Abstract: The authors have earlier reported a 1-year prevalence of 13.2 +/- 1.9% for migraine in Sweden. This is a subsequent extensive postal survey of the burden of disease and attitudes among migraineurs in a sample (n = 423, 23% men and 77% women, aged 18-74 years) randomly recruited from all main regions of the country, representative of adults in the general Swedish population with self-considered migraine. Results are presented only from participants who after analysis of symptoms were found to fulfil the International Headache Society's migraine criteria. In order to assess headache duration open-mindedly, the strict time criterion 4-72 h was deliberately disregarded as an inclusion criterion. Individuals who did not consider themselves to have migraine were excluded. Less than half of the group (45%) had received a diagnosis of migraine from a physician. Accordingly, a large number of individuals that would not have come to attention in a clinic-based study have been included. The mean attack frequency was 1.3 per month, and the number of attacks per year in Swedish adults is approximately 10 million. A minority (27%) of sufferers have a majority (68%) of all attacks. The mean attack duration was 19 h. A considerable number of individuals reported attacks < 4 h (15.8%) or > 72 h (6.4%). Less than half of the individuals recovered completely between the attacks. Despite this, only every fourth (27%) participant was currently consulting a physician (6% regularly; 21% occasionally). Most of the migraineurs reported absence from school or work, a negative influence of migraine on the most important aspects of life, and an interest in testing other treatments for migraine during the last year. Of those (n = 231) migraineurs who had consulted a physician, about 60% were satisfied with information given or treatment offered. This implies, however, that there is still room for improvement in the management of migraine in Sweden.

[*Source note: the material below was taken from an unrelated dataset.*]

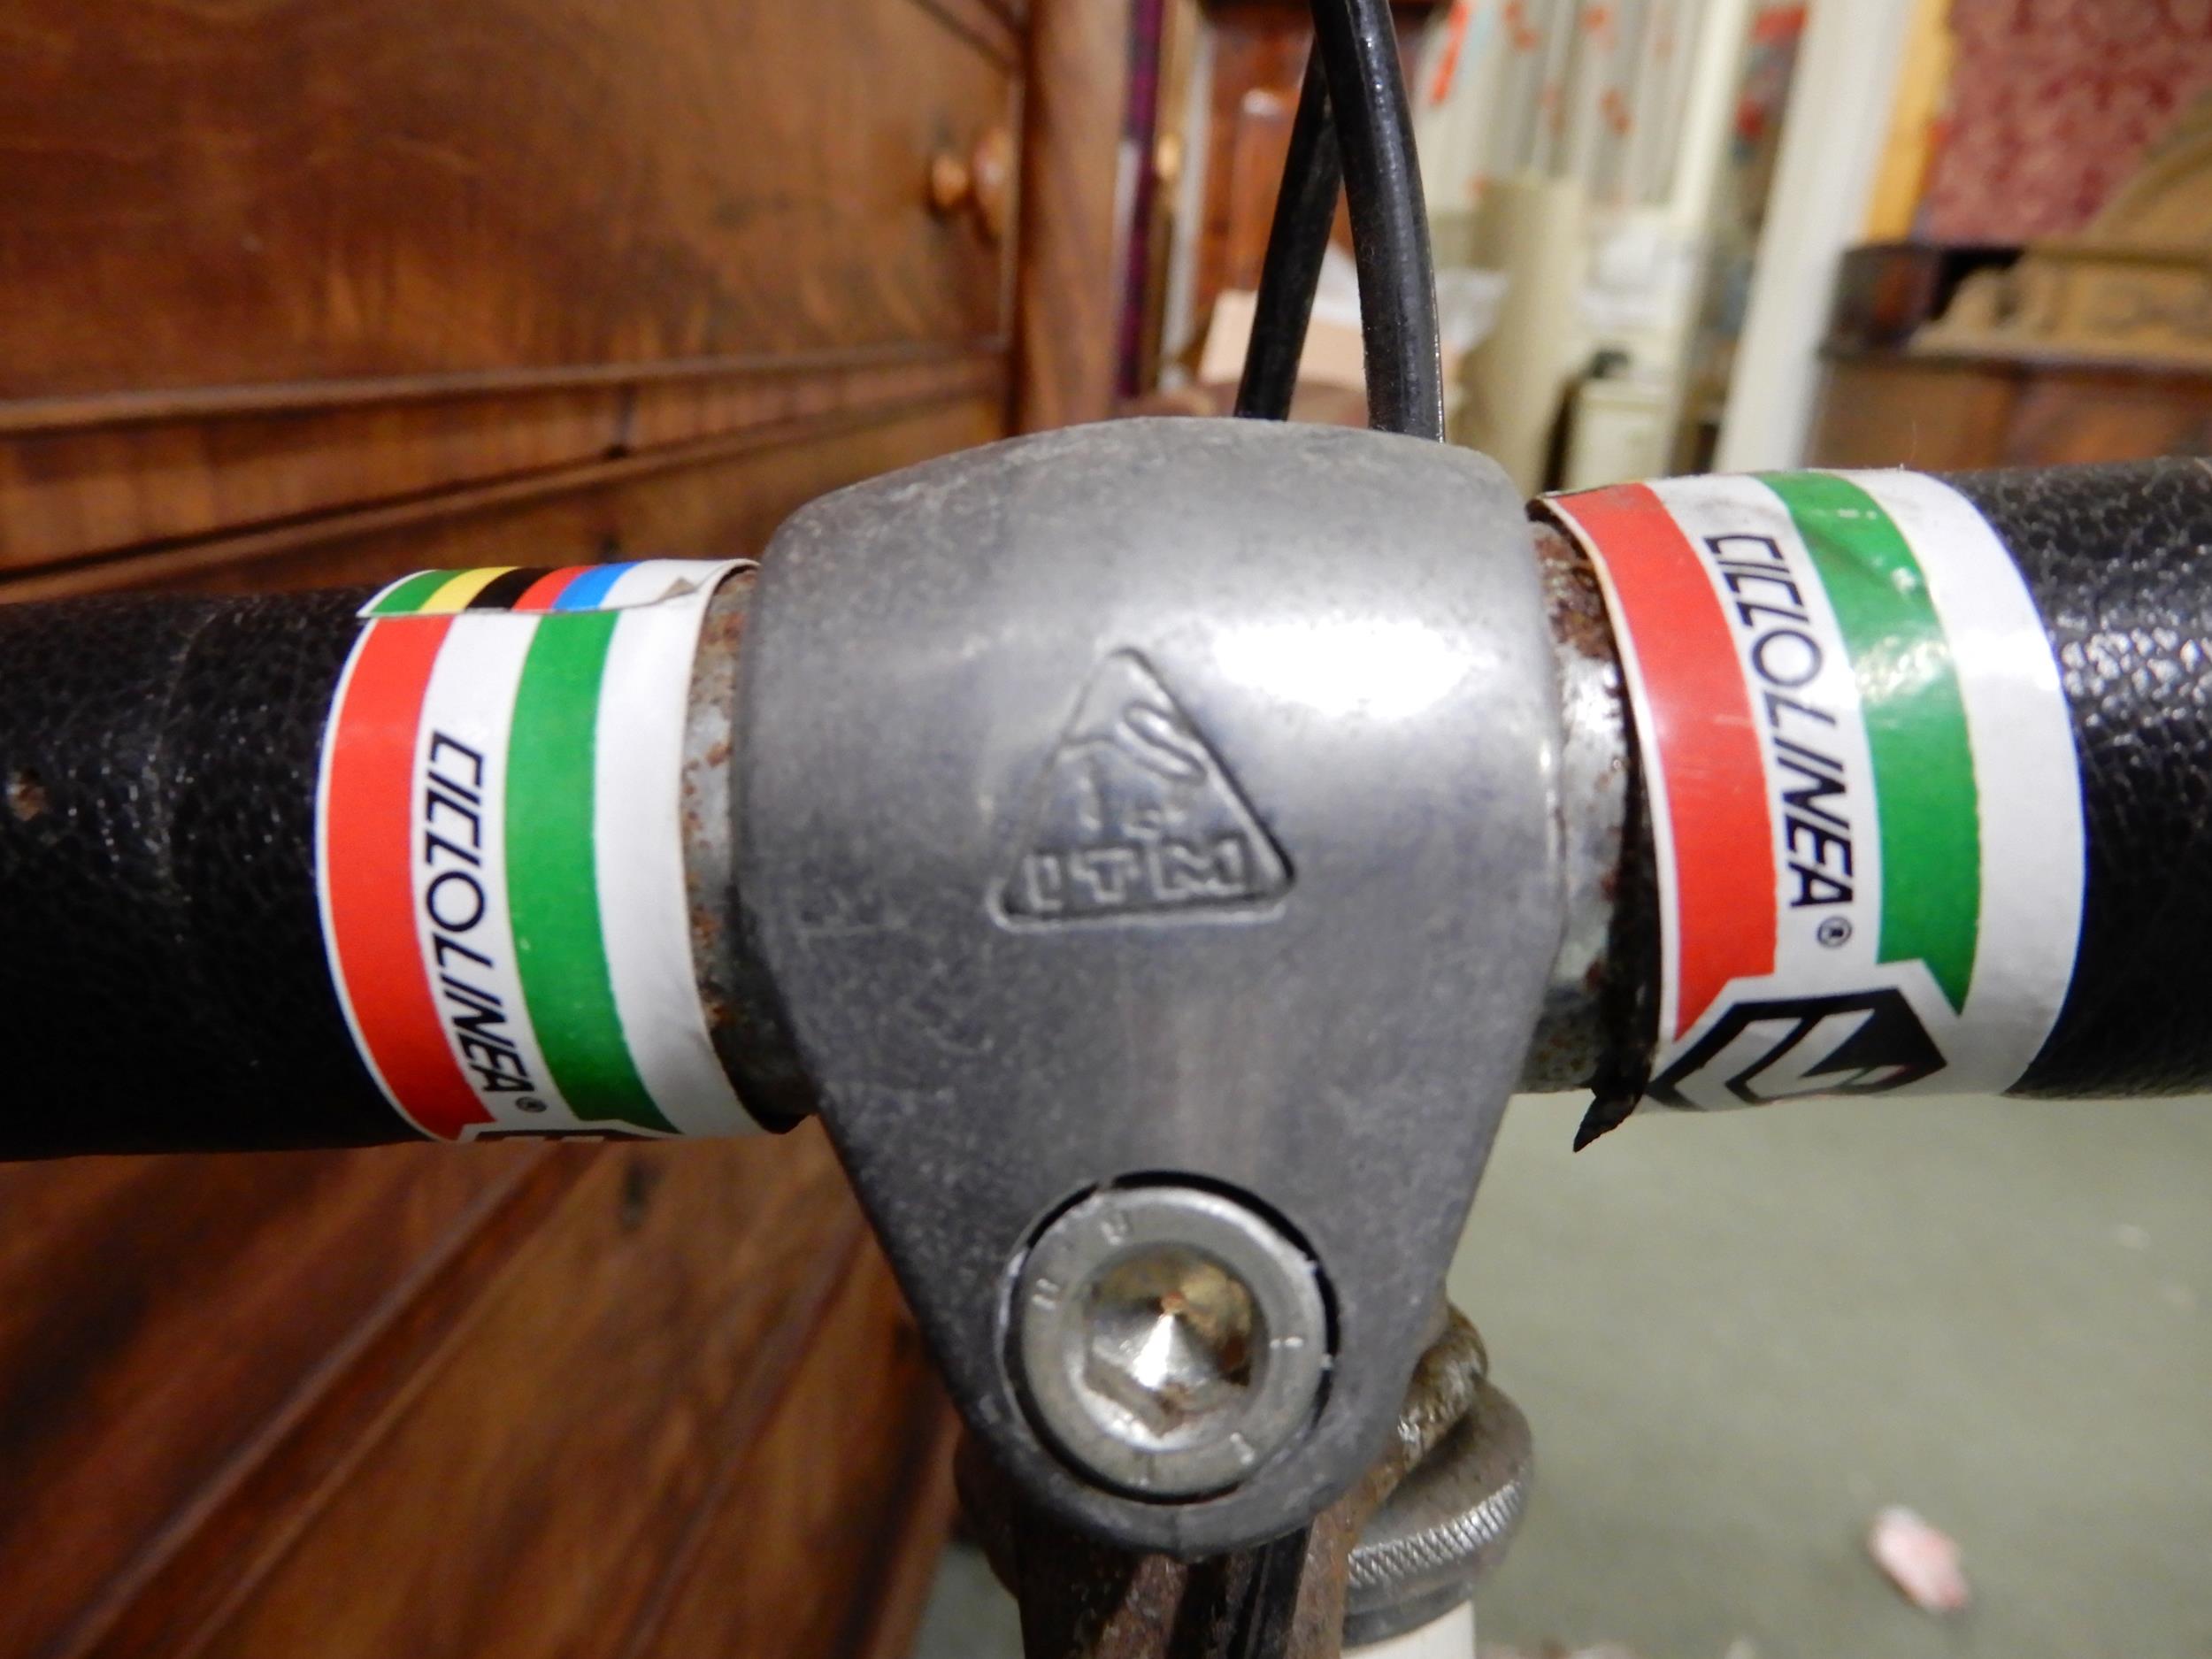 A mid 20th century Cinelli Milano racing bicycle with weinmann brakes and Unica saddle, 24 inch - Image 4 of 7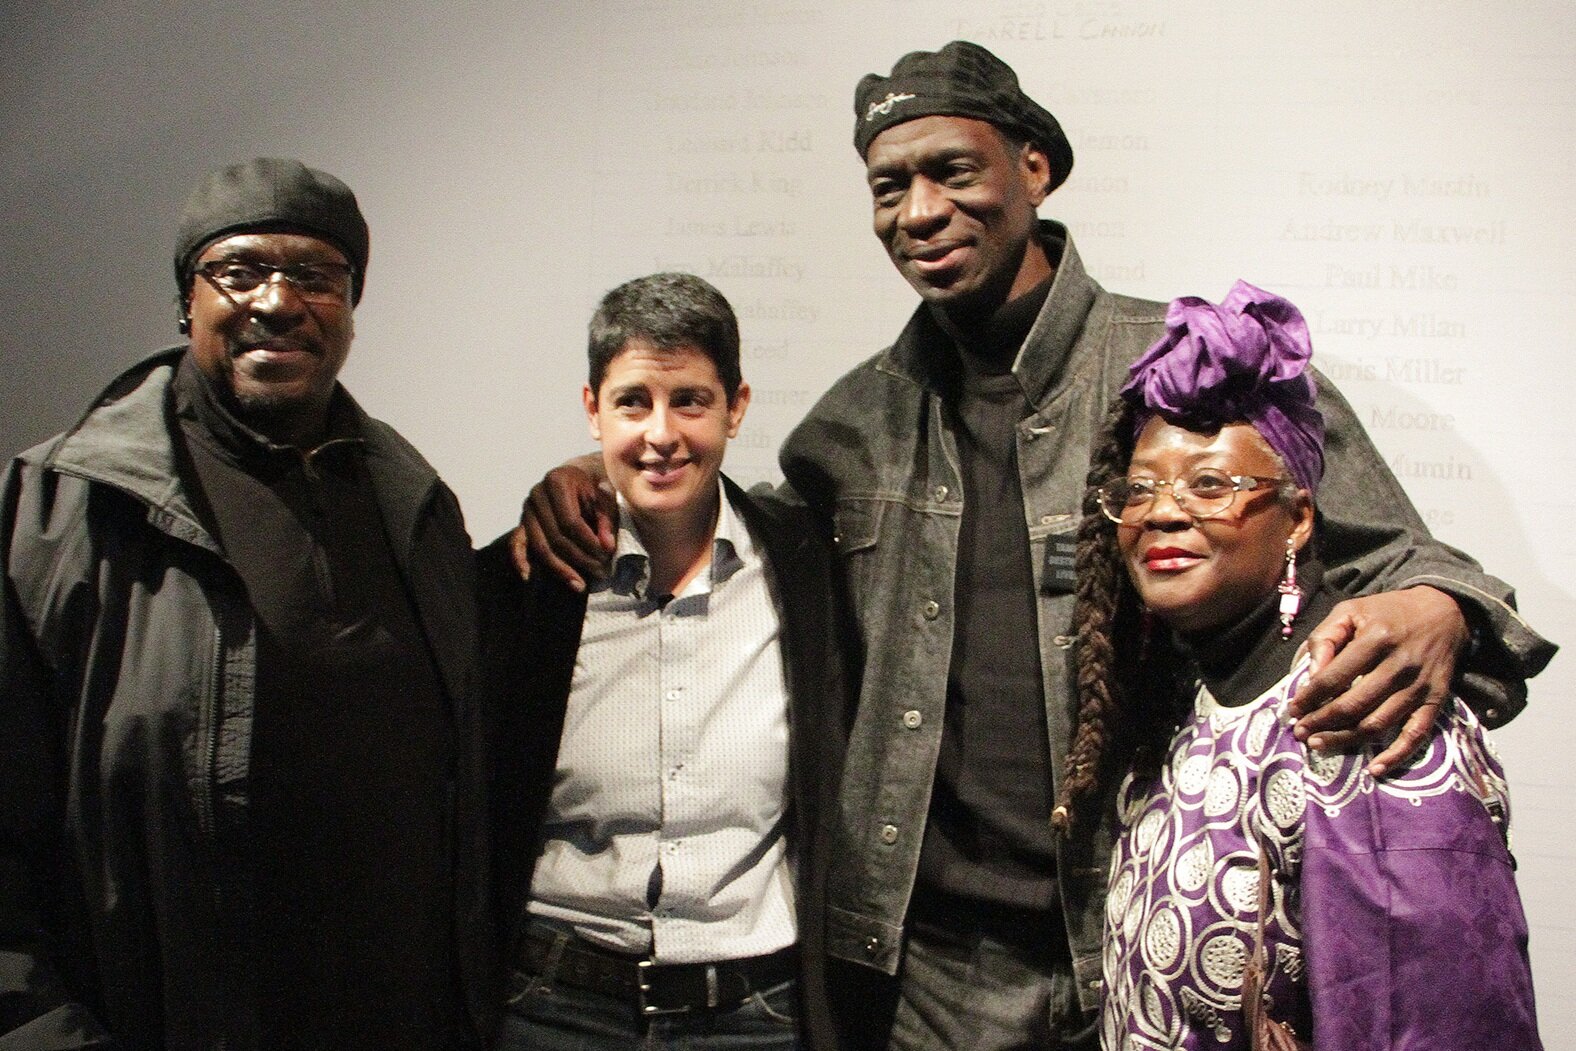  CTJM, Opening The Black Box, The Charge is Torture, The Sullivan Galleries, School of the Art Institute of Chicago, 2012 (Darrell Cannon and Anthony Holmes, torture survivors, Joey Mogul, Peoples Law Office, Dorothy Burge, Community Activist)

Linton-Dahlöf P, Linde M, Dahlöf C. · Sahlgrenska Universitetssjukhuset/Sahlgrenska, Göteborg. · Lakartidningen. · Pubmed #11478207 No free full text.

Abstract: Chronic daily headache is a commonly encountered syndrome. Typically affected are persons who as a result of recurrent attacks of migraine or tension-type headache have used medications regularly during an earlier stage. Based on clinical experience it is concluded that outpatient drug-withdrawal should be a first-line treatment for patients with chronic daily headache and frequent long-term drug-use. If there is no improvement treatment with a tricyclic drug is recommended.

Linton-Dahlöf P, Linde M, Dahlöf C. · Gothenburg Migraine Clinic, Göteborg, Sweden. · Cephalalgia. · Pubmed #11128824 No free full text.

Abstract: Chronic daily headache (CDH) associated with long-term misuse of headache medication is a common clinical problem which is refractory to most treatments. The present study is a retrospective analysis of the effect of drug withdrawal therapy in patients with CDH and frequent long-term use of headache symptomatic medication. One hundred and one adult patients (74 women and 27 men, aged between 16 and 72 years, mean age 43 years) were evaluated 1-3 months after drug withdrawal therapy had been initiated. The mean headache frequency at baseline was 26.9+/-4.0 days per month. Fifty-seven (56%) patients were significantly improved (defined as at least 50% reduction in number of headache days) after a period of drug withdrawal therapy. Based on the outcome of the drug withdrawal therapy, the patients were divided into three categories: group I, those who had between 0 and 10 headache days per month (n = 41), group II, those who had 11-20 days (n = 37), and group III, those who had 21-30 days (n = 23). The mean headache frequencies in groups I, II and III were 5.6+/-2.8 days, 15.7+/-2.5 days and 28.7+/-2.4 days, respectively. Treatment with amitriptyline was offered to patients in whom no improvement had been achieved. Ten of those 22 patients (36%) experienced a significant (> or = 50%) reduction of headache days. It is concluded that out-patient drug withdrawal therapy is the treatment of choice in patients with CDH and frequent long-term use of headache symptomatic medication, and that about one quarter of these CDH patients do not respond to drug withdrawal therapy only.